М. М. — Я обладаю достаточно острым и точным зрением, но, когда я сам принимаюсь за дело, оно начинает мне изменять в том, что я делаю.

Музы ни в чем не сопутствуют мне; все у меня топорно и грубо; всему недостает изящества и красоты. Я не умею придавать вещам ценность свыше той, какой они обладают на деле: моя обработка не идет на пользу моему материалу. Вот почему он должен быть у меня лучшего качества; он должен производить впечатление и блестеть сам по себе.

Впрочем, язык мой не отличается ни простотой, ни плавностью; он шероховат и небрежен, у него есть свои прихоти, которые не в ладу с правилами; но каков бы он ни был, он все же нравится мне, если и не по убеждению моего разума, то по душевной склонности.

М. — Могу согласиться лишь с последним замечанием. Обычно автор любит свое детище, несмотря ни на что.

М. М. — Я завидую счастью тех, кто умеет радоваться делам рук своих и испытывать от этого приятное удовлетворение. Ведь это весьма легкий способ доставлять себе удовольствие, ибо его извлекаешь из себя самого, в особенности, если обладаешь известным упорством в своих оценках.

М. — А Вы упорны в негативной оценке Вашего блестящего языка, о котором мы, увы, можем судить только по переводу.

М. М. — Мой французский язык сильно испорчен и в смысле произношения и во всех других отношениях варварством той области, где я вырос; я не знаю в наших краях ни одного человека, который не чувствовал бы сам своего косноязычия и не продолжал бы тем не менее оскорблять им чисто французские уши.

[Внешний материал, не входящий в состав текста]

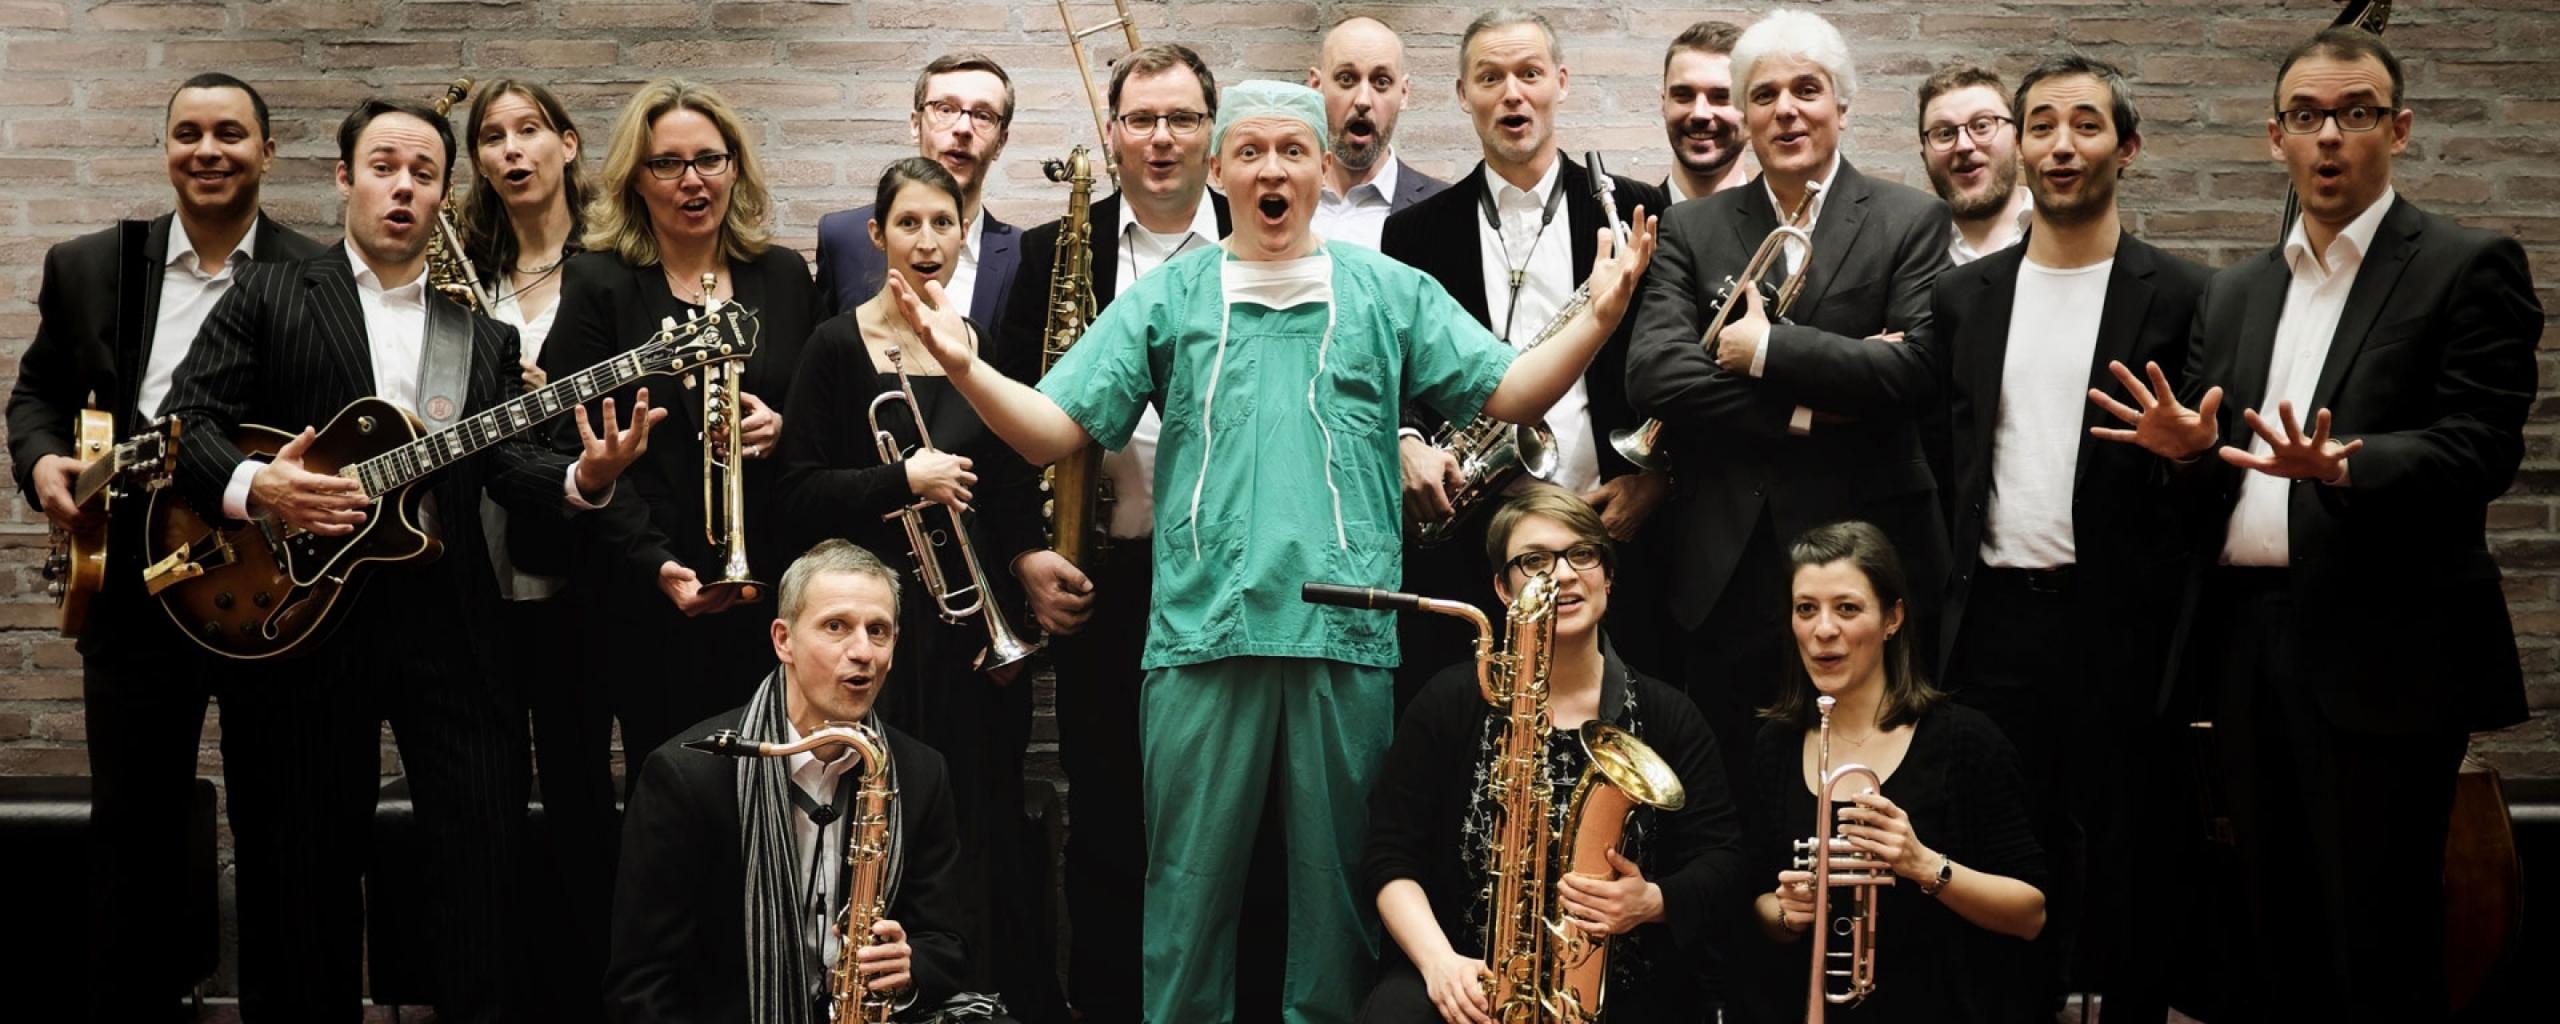 In der Mitte einer Gruppe von schwarz gekleideten Musiker*innen steht ein Arzt in grüner OP-Kleidung mit einem erstaunten Gesichtsausdruck.

М. — А ведь Вы владеете не только родным языком?

М. М. — Что до латыни, которая в детстве была для меня родным языком, то, отвыкнув употреблять ее в живой речи, я утратил беглость, с какою некогда говорил на ней; больше того, я отвык и писать по-латыни, а ведь в былое время я владел ею с таким совершенством, что меня прозвали «учителем Жаном». Вот как мало стою я и в этом отношении.

М. — Таким образом, Вы не вполне удовлетворены своим творчеством. Тогда поговорим о Вас просто как о человеке. Прежде всего, знакомясь с кем-то, мы обращаем внимание на внешний облик. Конечно, внешность для мужчины не так важна, как интеллект, воля, храбрость и прочие достоинства. Но, судя, по портрету, Вы обладаете приятной наружностью.

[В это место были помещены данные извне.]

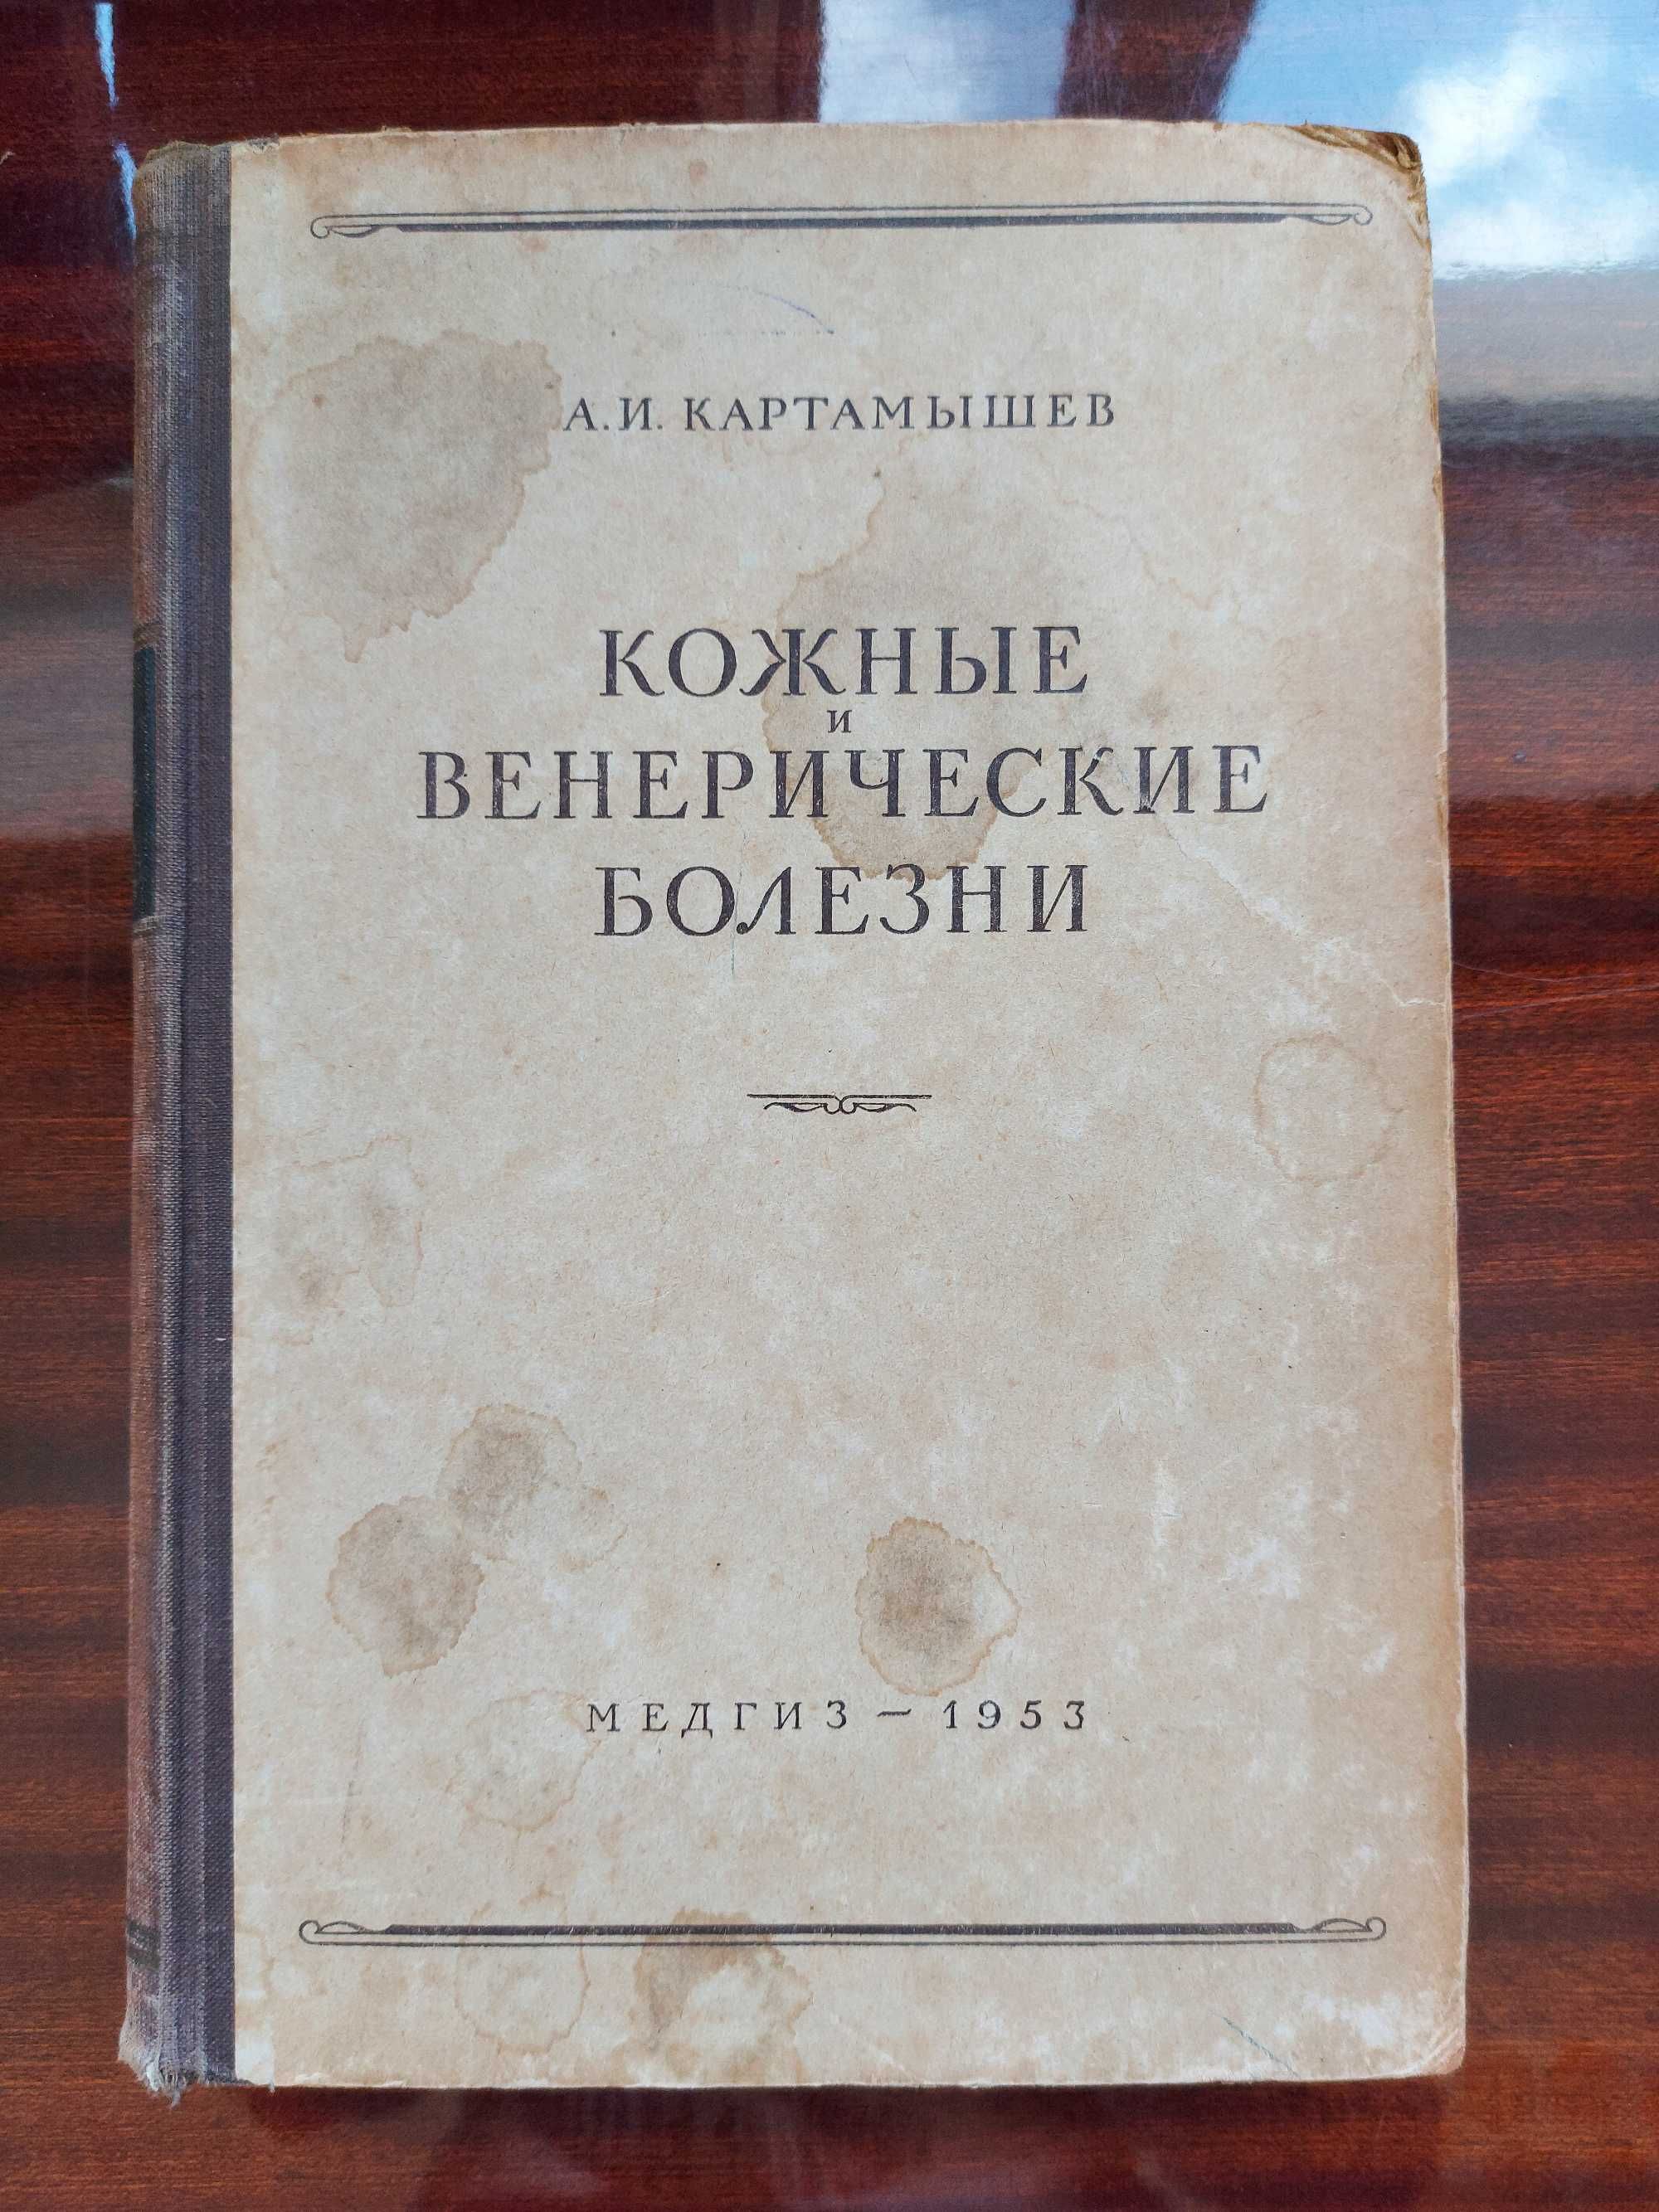 Кожные и венерические болезни. Картамышев А.И.1953г.

М. М. — Красота — великая сила в общении между людьми; это она прежде всего остального привлекает людей друг к другу, и нет человека, сколь бы диким и хмурым он ни был, который не почувствовал бы себя в той или иной мере задетым ее прелестью.

Что до меня, то я немного ниже среднего роста. Этот недостаток не только вредит красоте человека, но и создает неудобство для всех тех, кому суждено быть военачальниками и вообще занимать высокие должности, ибо авторитетность, придаваемая красивой внешностью и телесной величавостью, — далеко не последняя вещь.

Там, где налицо малый рост, там ни ширина и выпуклость лба, ни белизна глазного белка и приветливость взгляда, ни изящная форма носа, ни небольшие размеры рта и ушей, ни ровные и белые зубы, ни равномерная густота каштановой бороды, ни красота ее и усов, ни округлая голова, ни свежий цвет лица, ни благообразие черт его, ни отсутствие дурного запаха, исходящего от тела, ни пропорциональность частей его не в состоянии сделать мужчину красивым.

М. — Хочу утешить Вас высказыванием англичанина Макса Бирбома: «Великие люди обыкновенно ничем от нас не отличаются — разве что ростом пониже». Думаю, к Вам это относится в полной мере.

М. М. — В остальном я сложения крепкого и, что называется, ладно скроен; лицо у меня не то чтобы жирное, но достаточно полное; темперамент — нечто среднее между жизнерадостным и меланхолическим, я наполовину сангвиник, наполовину холерик: здоровье у меня крепкое, и я неизменно чувствую себя бодрым и, хотя я уже в годах, меня редко мучили болезни. Таким, впрочем, я был до сих пор, ибо теперь, когда, перейдя порог сорока лет, я ступил уже на тропу, ведущую к старости, я больше не считаю себя таковым.

М. — Неужели после сорока лет Вы утратили свой оптимизм?

М. М. — То, что ожидает меня в дальнейшем, будет не более чем существованием наполовину; это буду уже не я: что ни день, я все дальше и дальше ухожу от себя и обкрадываю себя самого.

М. — Ну, не будем о грустном. Вы нарисовали весьма привлекательный портрет. Что касается Вашего «недостатка», то известно, что почти все выдающиеся люди, оставившие след в истории человечества, не отличались высоким ростом. У них были другие достоинства.

Какие любимые занятия, навыки, способности отличали Вас в молодости и в зрелые годы?

Как, например, насчет спорта?

М. М. — Что до ловкости и до живости, то их я никогда не знал за собой.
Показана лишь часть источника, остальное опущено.